Gesunde Rinder

Blinddarmblähung/Verdrehung

Der Blinddarm ist ein blind endender Sack, der sich am Anfang des Dickdarms befindet. Er ist mit Millionen von Mikroben gefüllt, welche am Abbauprozess von Pflanzenteilen beteiligt sind. Ist die Dickdarmtätigkeit (Kontraktionswellen = Peristaltik) herabgesetzt, so wird das von den Mikroben gebildete Gas zu wenig abgeführt und es kommt zu einer Aufblähung dieses Darmteiles. Als weitere Komplikation kann es zu einer Verlagerung der Blinddarmspitze (nach vorne) kommen. Je nach Schweregrad der Krankheit zeigen die Kühe schlechten Appetit und leicht- bis hochgradige Kolik.

International gesehen sind Blinddarmprobleme weniger häufig als Labmagenverlagerungen. Studien aus den Wiederkäuerkliniken von Bern und Zürich haben aber gezeigt, dass die Auftretenshäufigkeit der beiden Probleme in der Schweiz etwa gleich hoch ist.

Übersicht Bauchhöhle einer Kuh

Wirkungsmechanismen

Obwohl die Mechanismen für die Entstehung der Krankheit immer noch nicht vollständig bekannt sind, kann man einige Faktoren benennen, welche sie begünstigen.
Verminderte Darmperistaltik:
Eine reduzierte Darmaktivität ist zentral für die Entstehung von Blinddarmproblemen. Sie wird von Hormonen, Nerven oder von mangelnden Nährstoffen beeinflusst. Inhaltsgefüllte Erweiterungen und Taschen bilden sich entlang des Dickdarms bis zum Blinddarm. Da der Futterbrei kaum weitertransportiert wird, erhöht sich der mikrobielle Abbau (Gärung) an diesen Stellen. Es wird vermehrt Gas produziert, was schlussendlich zu der Blinddarmblähung führt. Viele Faktoren können mitverantwortlich dafür sein. Im Mittelpunkt stehen dabei die Milchleistung, der Futterwechsel, der Kalziumstoffwechsel und die Abbaurate in den Vormägen. Zusätzlich kann eine Allgemeinstörung aufgrund einer infektiösen Erkrankung (Gebärmutterentzündung, Mastitis) ebenfalls zu einer Reduktion der Darmperistaltik führen. Studien haben aber kein vermehrtes Auftreten der Krankheit während einzelnen Produktionsstadien gezeigt.

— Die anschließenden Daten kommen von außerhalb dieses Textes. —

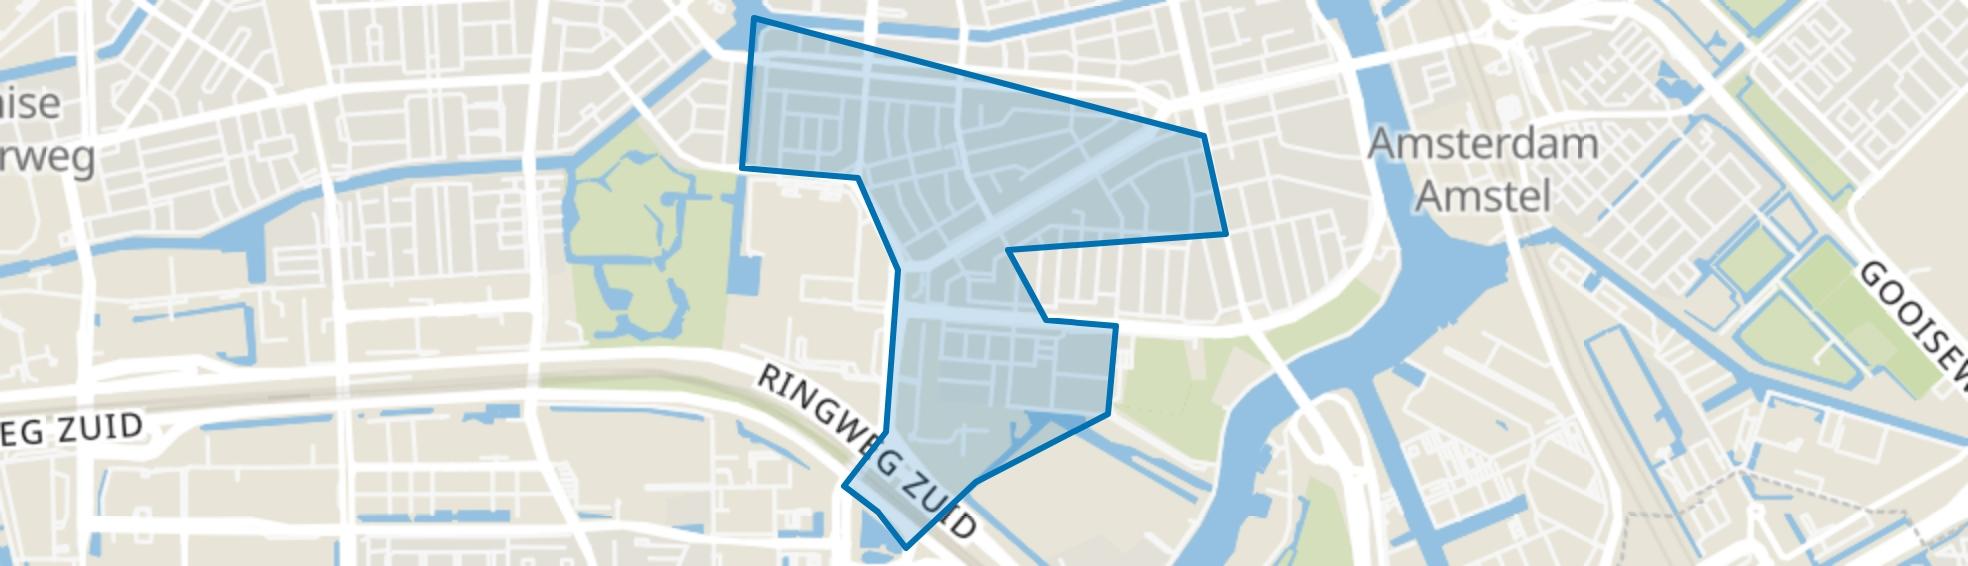 Scheldebuurt, Amsterdam map

Quellen: [77, 108, 109, 110, 111]

Diagnose beim Einzeltier

Die meisten Blinddarmblähungen (Blinddarmdilatation = BDD) besitzen einen relativ langsam voranschreitenden Verlauf. Die ersten Zeichen einer einfachen BDD sind Abnahme der Fresslust und der Milchleistung. Die Kuh setzt im Anfangsstadium nur kleine Mengen Kot mit eher flüssiger Konsistenz ab. Kolikerscheinungen (Unruhe, Trippeln, mit den Hinterbeinen gegen den Bauch schlagen, sich niederlegen und sofort wieder aufstehen) können entweder mild oder auch abwesend sein. Je fortgeschrittener die Blähung des Blinddarms ist, desto „gefüllter“ erscheint die rechte Hungergrube.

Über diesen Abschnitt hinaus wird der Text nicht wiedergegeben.